■ **WORK INSTRUCTION**: Give the data below again exactly as written, but without the pictures.

■ **PROVIDED DATA**:

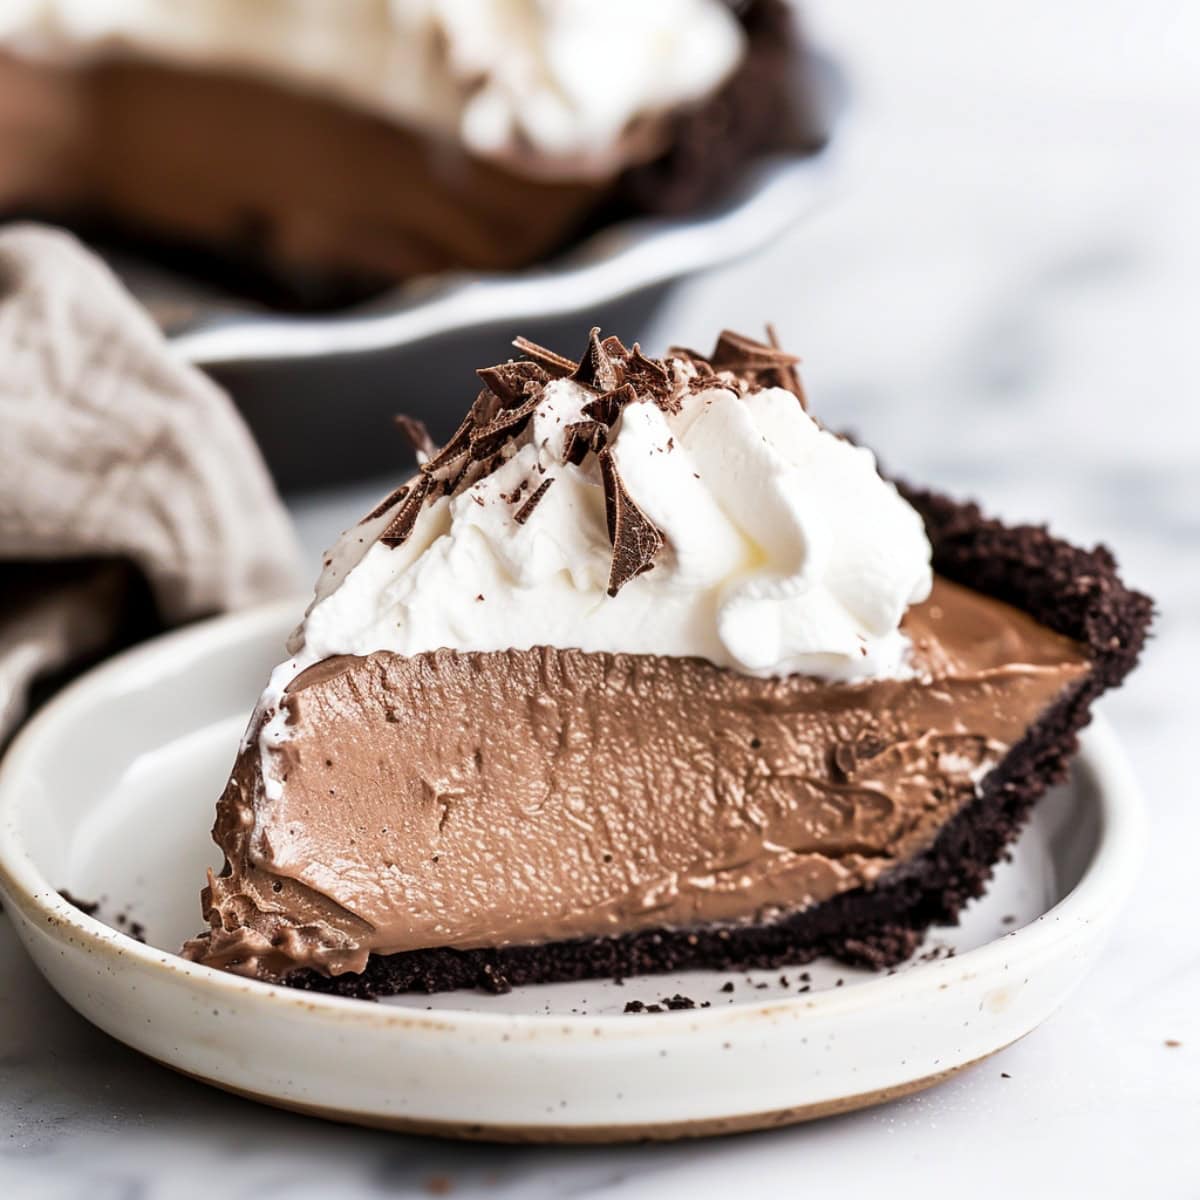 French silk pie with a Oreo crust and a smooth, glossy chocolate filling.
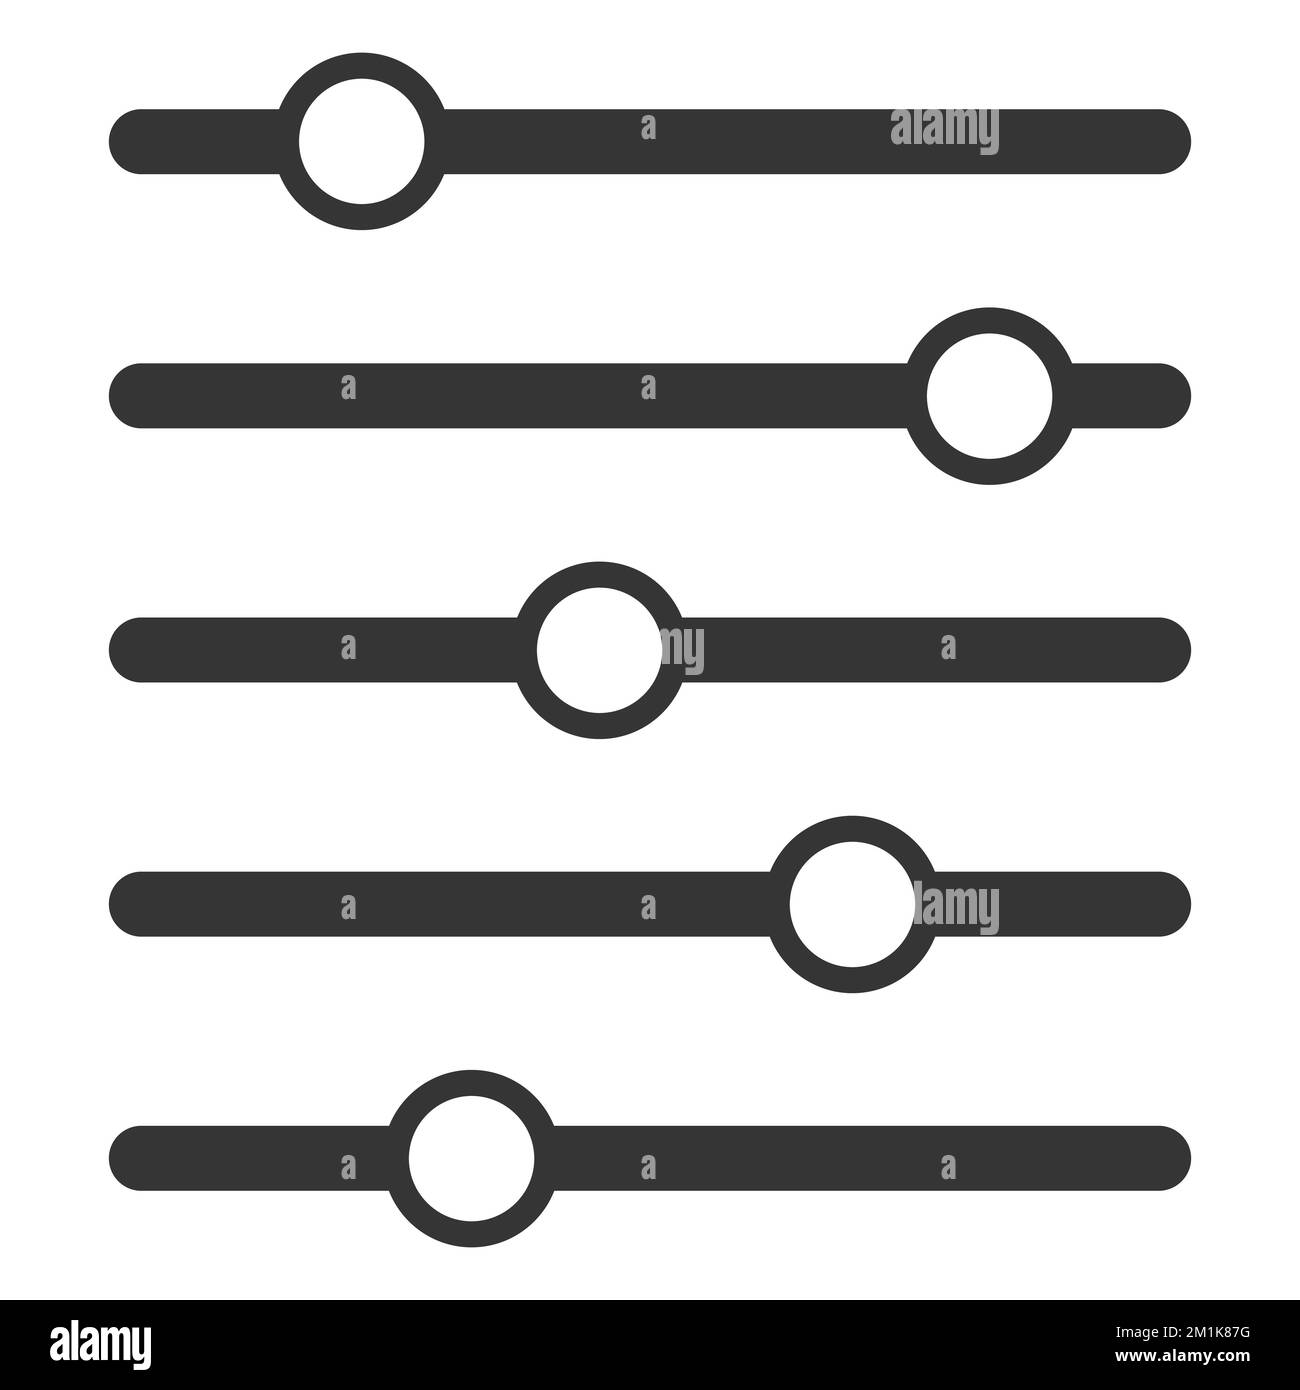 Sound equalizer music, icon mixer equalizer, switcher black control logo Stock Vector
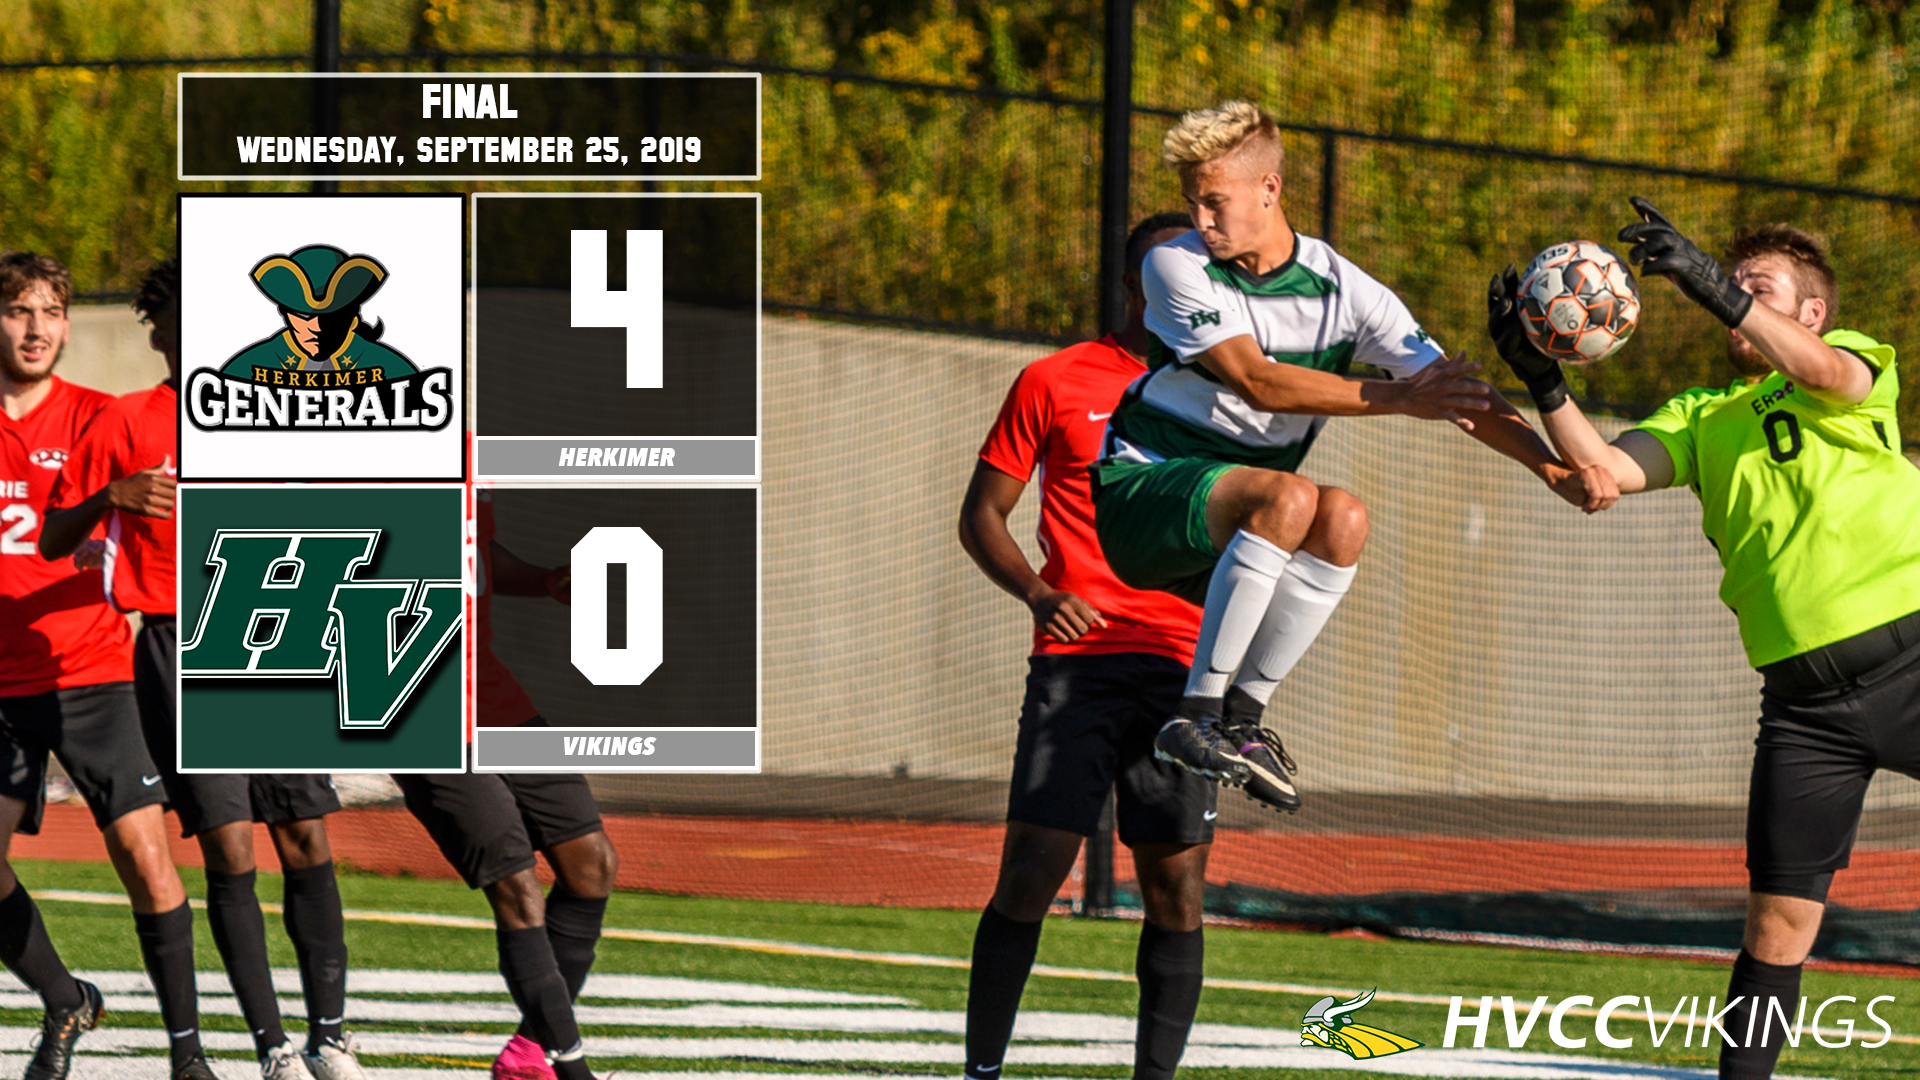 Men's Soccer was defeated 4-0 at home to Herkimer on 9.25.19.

■ **RESULT OF THE TASK**:
 French silk pie with a Oreo crust and a smooth, glossy chocolate filling.
 Sound equalizer music, icon mixer equalizer, switcher black control logo Stock Vector
 Men's Soccer was defeated 4-0 at home to Herkimer on 9.25.19.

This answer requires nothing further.